2003
Pelas ruas, os caminhantes errantes ou não, cegos ou não, no caminhar imprimem marcas na pele do chão. São estranhos desenhos que se formam por esses passos alheios, no rumo certo ou incerto da constrangedora incerteza cotidiana. É nessa relação (passos e pedras) que Selma interfere. Coloca em espaços públicos papéis no chão. Após alguns dias, ao retirá-los, a artista captou ali manchas que são memórias roubadas dos caminhantes. Nas manchas, imperfeitas, o inacabado está impregnado de devaneios petrificantes que ligam o efêmero e a memória, a matéria e o sonho, os homens e as pedras.
Selma em alguns momentos recua e permite que em alguns fragmentos do espaço do papel essas manchas respirem livremente, até porque sua interferência já ocorreu, quando teve a ideia de colocar o papel no chão para ser pisado.
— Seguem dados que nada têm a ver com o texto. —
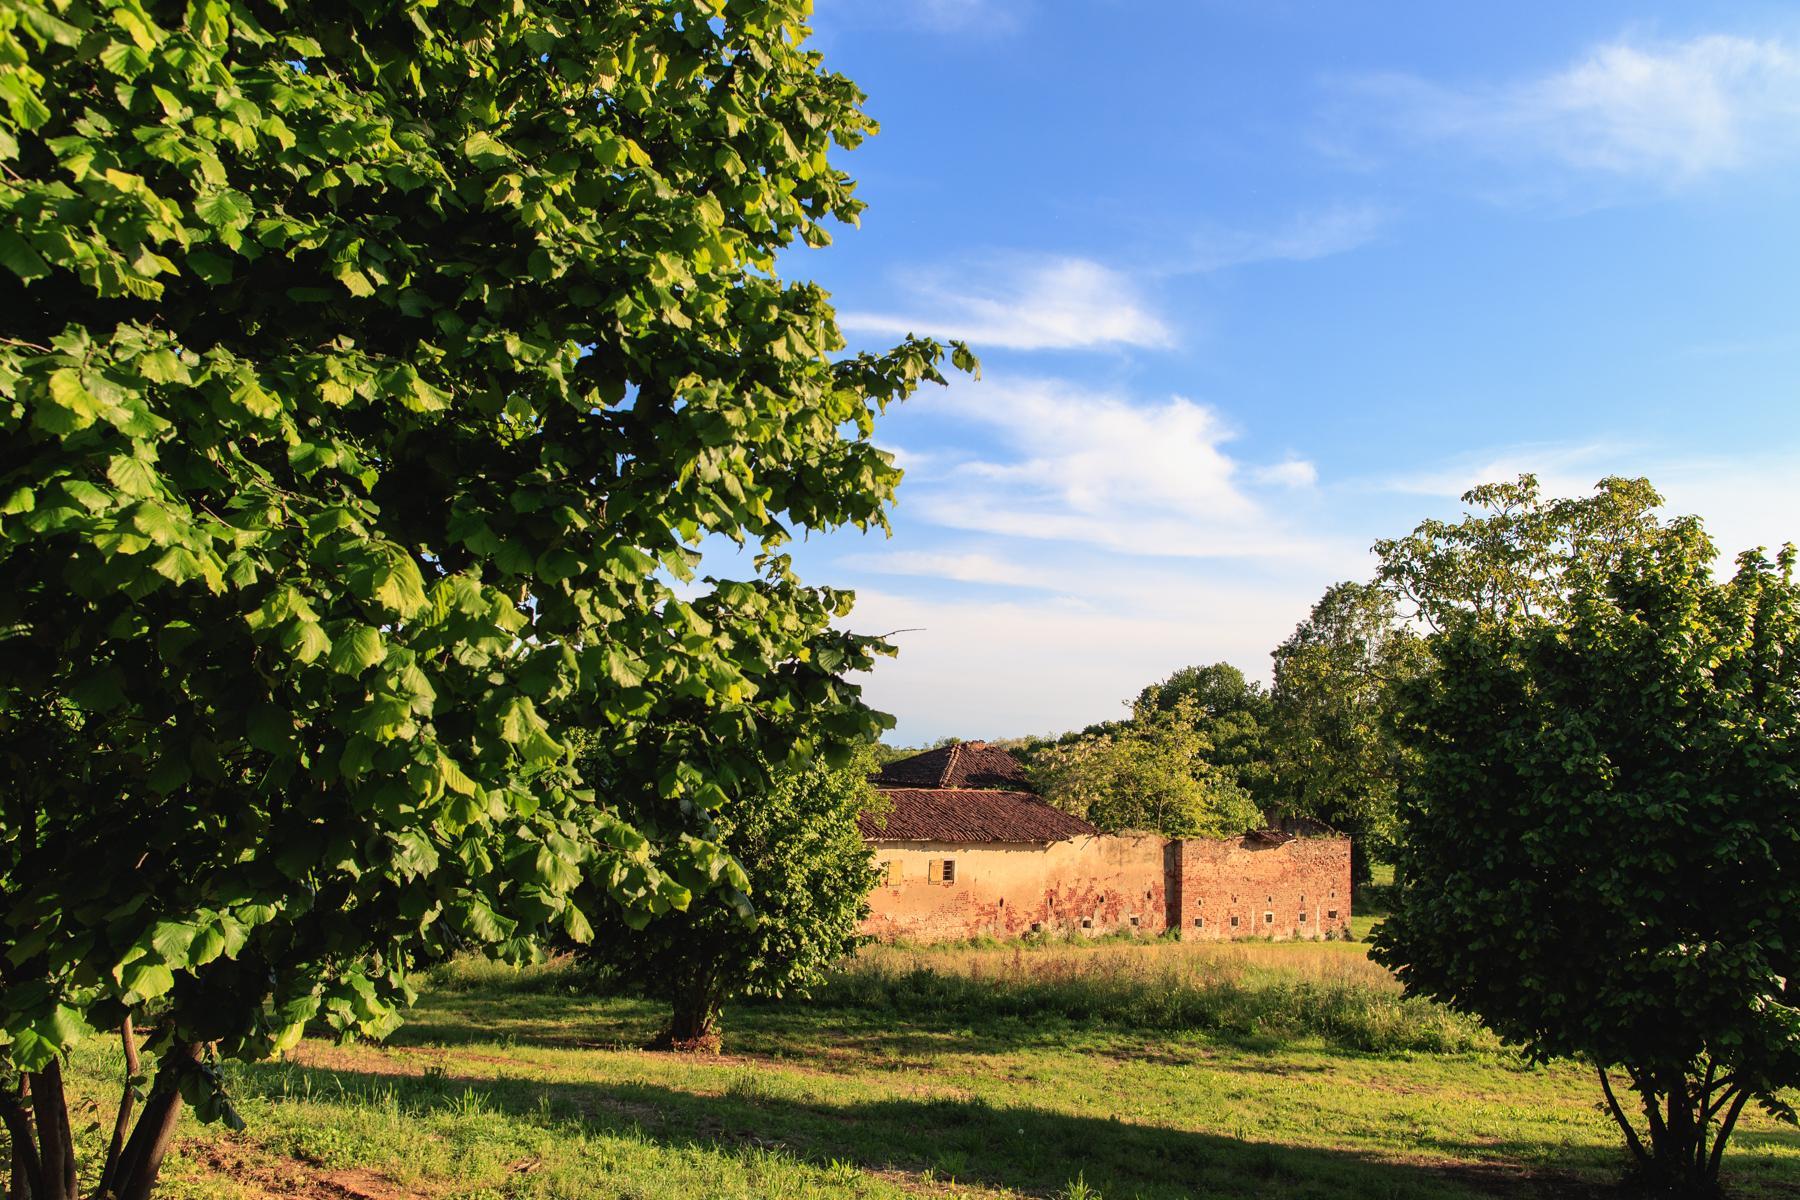 Ancienne ferme dans la campagne de Turin - 12

No segundo momento, ela joga com tons sobre tons, criando metáforas de uma poética luminosa sobre as manchas. Ela liberta, interfere e aprisiona as marcas dos caminhantes. Busca no decalcar dos passos dos homens, sua poética, seus sonhos, suas imagens e (re)significação como traços itinerários do tempo. Procura, assim, o significado pleno de nossa existência transitória no mundo e desnuda-se o bastante para comungar com as palavras da poeta Zila Mamede: “Da pedra ao reino/à pedra o apego/ do fogo ao jogo/ na pedra em que me perco/ Da pedra ao posto/na pedra o rosto/ na pedra o porto:/canto não horto.
É sobre esse duplo aspecto de tensão que a obra de Selma agora se apresenta. Por entre as ruas, nos passos, nas pedras, nos tons, a artista tece a sua obra, prestes a desencantar com o sopro de uma corneta de anjo, imagens nascidas pedras e que nos moldes de Sísifo, vai refazendo infinitamente seu trajeto. Selma Bezerra abriu seu trabalho ao público na data de 7 de maio a 29 de junho de 2003.
Ângela Almeida.
Abril, 2003.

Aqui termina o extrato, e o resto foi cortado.